The funny thing is that I'm sure we're all guilty at times of not knowing what we don't know. But I'd like to think that in those situations I try to approach it with less righteous certitude than some folks do. They say a little knowledge is a dangerous thing. of that i've come to have no doubt.
dcat
mr. miyagi had no doubt about that either: "squash like grape!" (if you know karate 'so-so'...)
i'd like to think i could identify those situations in myself too. defining a good place to set aside for intellectual humility is always an interesting exercise.
I like what was observed about that in The Metaphysical Club, specifically conceptualized as certainty breeding violence...

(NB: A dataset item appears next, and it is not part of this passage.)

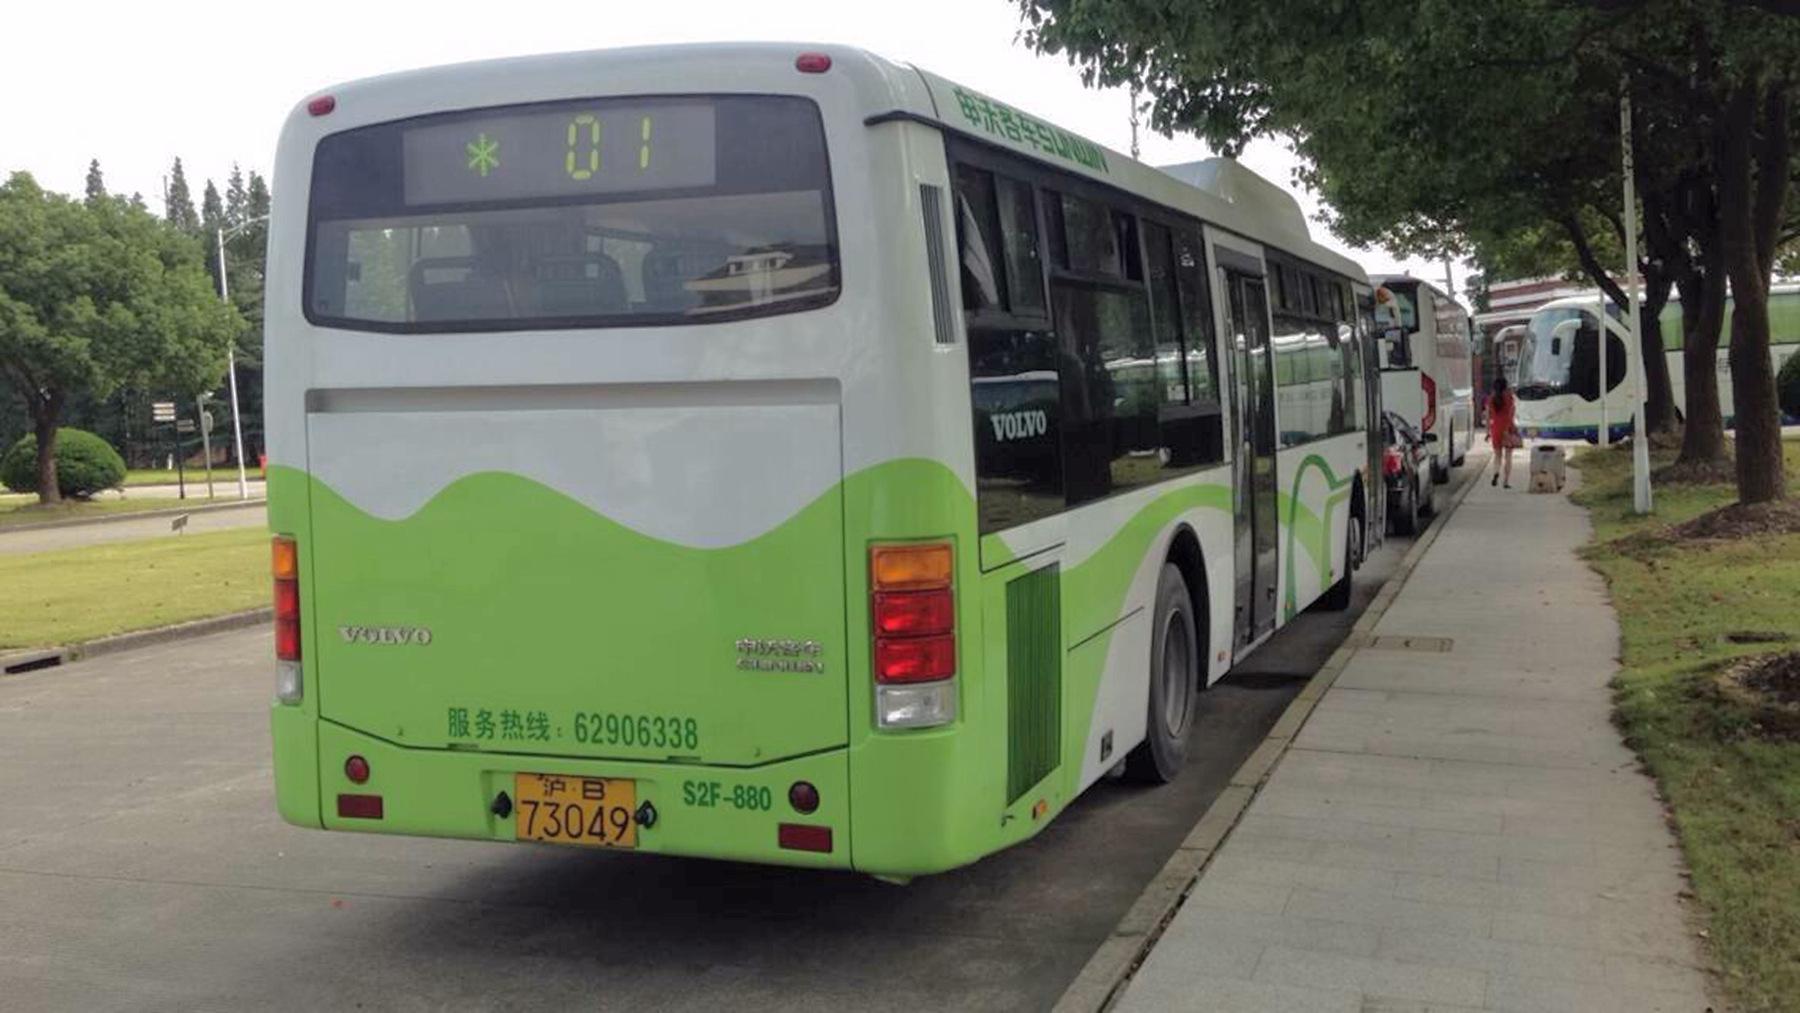 请p图高手将图一中的公交车涂装中绿色部分变成橙色,注意,尾灯和下方

One need look no further than the debate over the Iraq War to see the way certainty operates. in the leadup to the war a friend of mine, who had worked in the NSC and was at State said that anyone who was absolutely certain that either we should or that we should not go to war did not know what they were talking about. I incorporated that idea into my own formulation of ideas about the war, what we should do, what we should not, why and when.
I think it's ok to be certain. But the less one knows, the more one ought to be wary of certainty.